Авиньон — это прежде всего театр для молодых, которые, как паломники, спешат в эту Мекку гуманизма. Едут на велосипедах, поездах, машинах, чаще автостопом, идут пешком. Во время фестиваля Авиньон превращается в гигантский кемпинг. О гостиницах нечего думать, там дерут втридорога и места нарасхват, поэтому спят где попало — в автомобилях, на садовых скамейках, на сеновале, в палатках или просто в спальных мешках на свежем воздухе. Некоторые затягивают потуже пояски, чтобы купить билеты на все спектакли. Многие поступают, как молоденькая учительница из Бордо, которая уже неделю ест только булку и запивает ее водой из-под крана, зато у нее есть места на все представления с Жераром.
При звуках барабанной дроби огромный амфитеатр Авиньона заполняется до отказа: сидят на перилах, в проходах, на принесенных соломенных раскладных стульях. Сразу воцаряется гробовая тишина, никто не аплодирует актерам, один за другим выходящим на подмостки. Даже Жерару. Но под конец спектакля — лавина, буйный шквал рукоплесканий, от которого, кажется, рухнут дворцовые своды и треснут вековые каменные глыбы. Все встают, кричат, размахивают руками, и новый, незабываемый спектакль начинается уже после представления.

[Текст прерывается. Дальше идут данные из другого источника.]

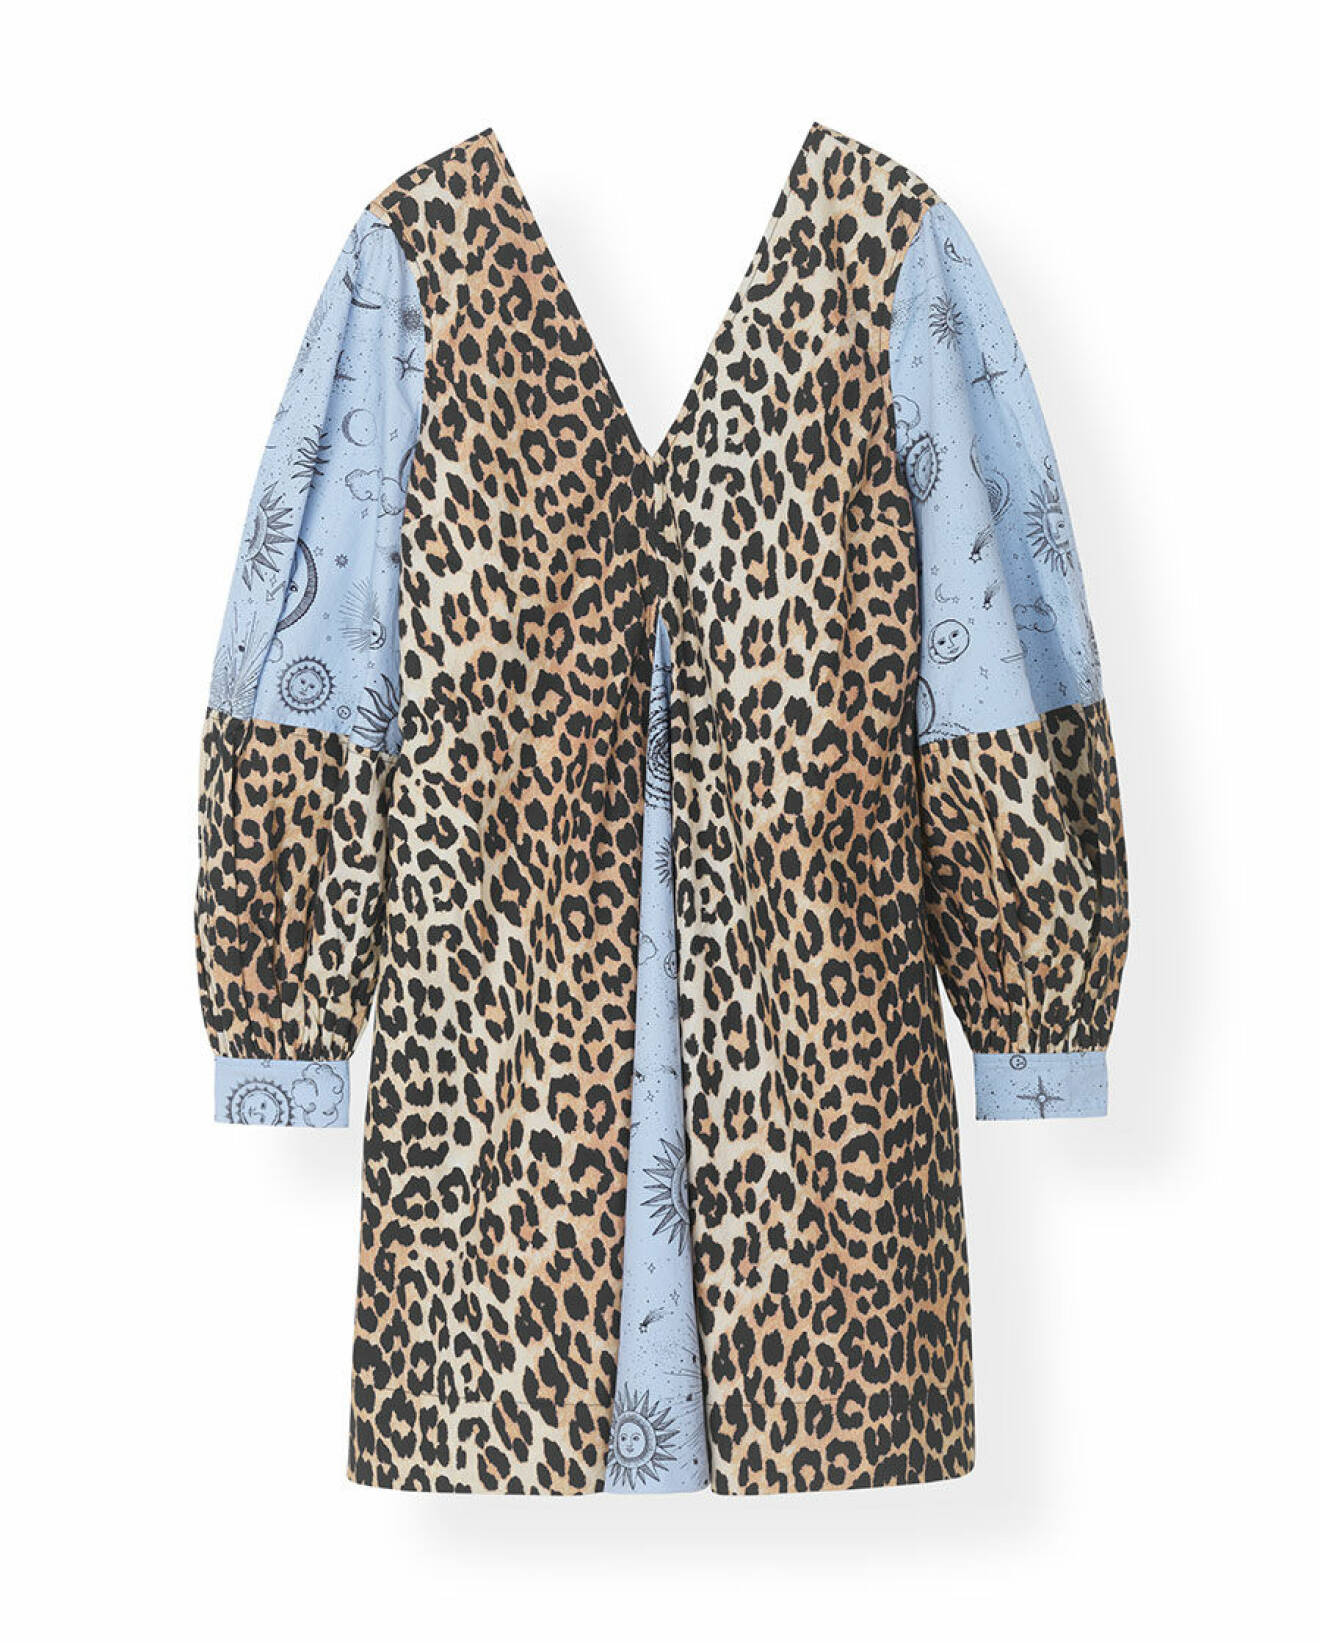 Klänning med mönstermix av leopard och ljusblått astro-mönster. Shoppa den här!

Выходя из папского двора, еще вчера незнакомые люди берутся за руки, приплясывают на месте, распевая полюбившиеся мелодии Мориса Жарра. Никто и не собирается ложиться спать, хотя время уже за полночь. Звенят гитары, водят хороводы, все друг с другом на ты. Гомонят, куролесят, делятся впечатлениями и тут же сами разыгрывают сценки из только что виденного спектакля. И так до четырех утра, пока у ажанов не лопнет терпение и они не примутся разгонять ночных гуляк-театралов.
Не дают спать и Вилару. Его окно в гостинице «Оберж де Франс» выходит на круглую площадь, содрогающуюся от молодых, резких голосов. Он натягивает халат и выходит на балкон.
— Браво, господин Вилар! Замечательно выдали «Сида»! Кто мог подумать, что эта старая рухлядь чего-то стоит! Может, со временем поставите кого-нибудь помоложе?
— А правда, будто сейчас во всем мире театральный кризис?
Вилар улыбается, грозит пальцем острословам, но, понимая, что от этих любопытных полуночников не отделаться, говорит:
— Почему молодых не ставлю? Пьес хороших нет. Может, из вас кто-нибудь мне напишет пьесу, а потом вцепится в эти малость обветшалые плечи своими железными когтями?! Мой сынишка Стефан все грозится сочинить трагедию, давайте, кто скорей! А что до кризиса, так я не помню, чтобы о нем разговора не было. Думаю, что когда не говорят о кризисе, значит, нет театра. Возьмите классическую эпоху — 1660-е годы, времена Расина, Мольера, Корнеля. Каких только кризисов не было — и литературный, и социальный, и экономический. Я так и слышу, как какой-нибудь современник Людовика XIII, Фронды, Мазарини или «короля-солнце» восклицает: «Господи, как ужасна последняя трагедия Корнеля», — а ученый педант ему вторит: «Мода на Расина пройдет, как увлечение фижмами». А третий скажет: «Да и Мольер тоже порядочная ерунда!» А разве труппа Мольера не чувствовала на своей шкуре кризис, когда провалился «Дон Жуан», «Скупой», когда пять лет не давали поставить «Тартюфа»?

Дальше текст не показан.